De la stochasticité au chaos

Aux Etats-Unis, avec J. Ford, la reconnaissance de l’instabilité et du théorème KAM prend donc la voie de l’expérience numérique. Les résultats généraux promus par les conceptions d’origine soviétique sont sublimés dans des systèmes plus simples, plus concrets, expérimentables, qui avaient suscité l’étonnement des physiciens. Prolongeant le théorème KAM, les idées en physique ont évolué considérablement : la non intégrabilité n’est plus synonyme d’ergodicité et ne s’oppose plus de manière dichotomique à l’intégrabilité. La stochasticité intègre les conceptions scientifiques occidentales, de manière encore restreinte, mais significative : les travaux de Chirikov sont exploités au niveau numérique, la stochasticité devient le "bon" ingrédient pour la Mécanique statistique. Les concepts de la théorie ergodique, comme les systèmes de Bernoulli, deviennent des archétypes dans la Mécanique statistique théorique.

Animateur du mouvement des théories de la stochasticité et du non linéaire auprès des physiciens aux Etats-Unis, Ford participe naturellement au bouillonnement de la fin des années 1970, dans le champ du chaos. Il est organisateur, avec le physicien italien Giulio Casati, de la première conférence internationale sur les questions de stochasticité en 1977. Le groupe organisé entre autres par Ford et Chirikov trouve son plein essor au moment où les problèmes stochastiques sont absorbés dans le champ du chaos, autour de 1980. Dans la continuité des années 1970, l’activité de Ford est caractérisée par une perpétuelle interrogation sur le hasard, prolongée dans le "chaos quantique", avec Chirikov.

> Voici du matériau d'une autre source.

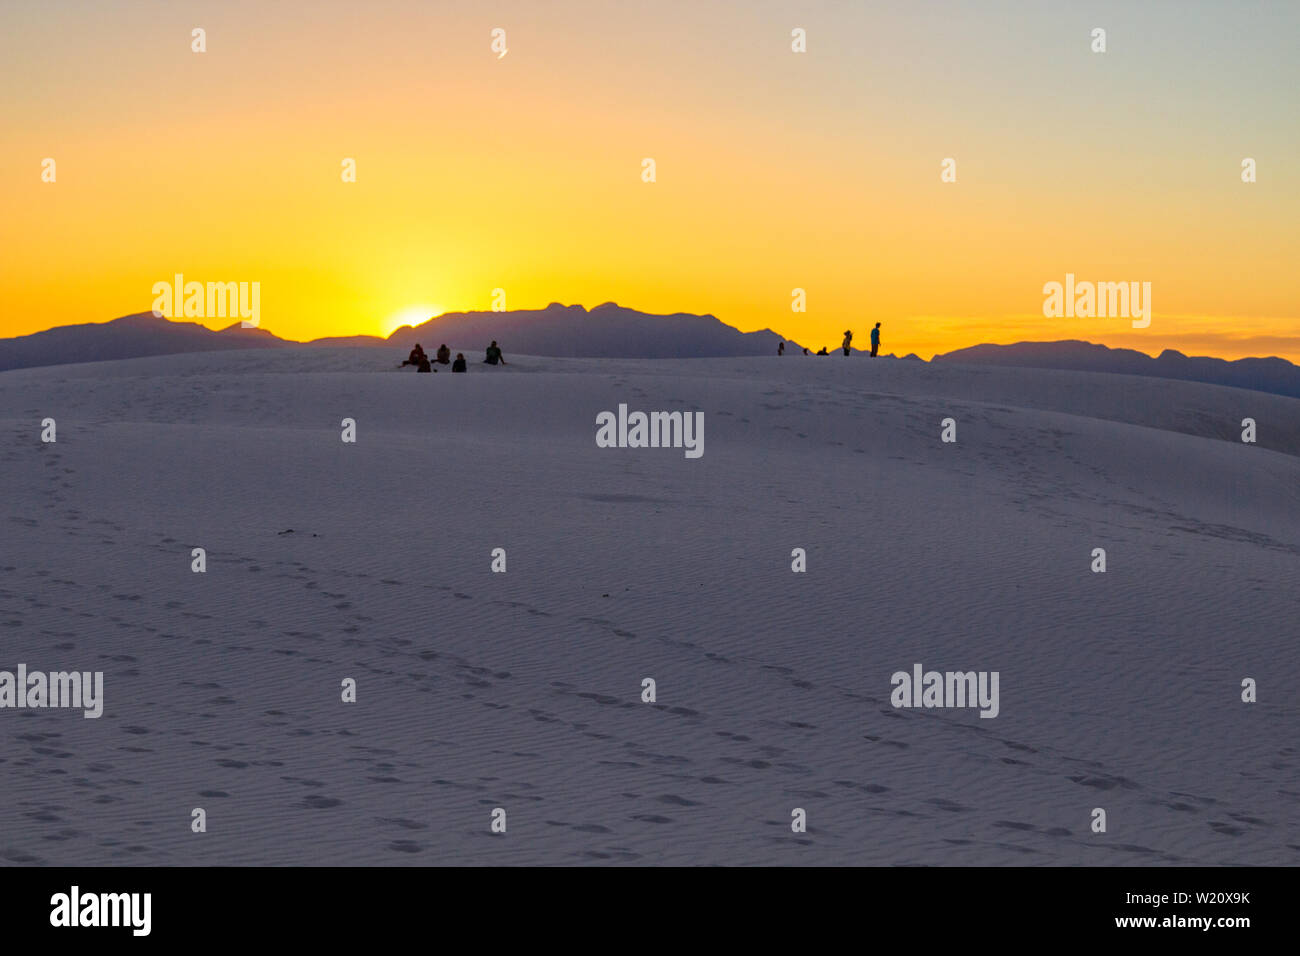 Touristen beobachten EINEN Sonnenuntergang in der Wüste. Touristen stehen auf einer Sanddüne und bewundern den Sonnenuntergang am White Sands in New Mexico. Stockfoto

Il se définit alors lui-même comme un "évangéliste du chaos" prêchant la nouvelle parole, aux côtés de Paul Davies dans La nouvelle physique, par exemple 1222 .

Notes
1222.

Signalons simplement deux textes de Ford. Dans "How random is a coin toss ?" de 1981 Ford s’interroge sur la notion de hasard (et reprend à cette occasion la notion de complexité algorithmique de Kolmogorov) et sur les limites de la prédictibilité dans les systèmes chaotiques. Le texte correspond à un exposé donné dans un colloque organisé à Austin (Université du Texas) sous l’égide du groupe de Prigogine : [HORTON, C.W. Jr, REICHL, L.E., SZEBEHELY, V.G., 1983]. Le second texte s’intitule "Qu'est-ce que le chaos, pour que nous l'ayons à l'esprit ?" : c’est une réflexion épistémologique, sans prétention, mais qui souhaite mettre en valeur les spécificités du chaos, dans la perspective adoptée par Ford depuis les années 1970 ([FORD, J., 1989]).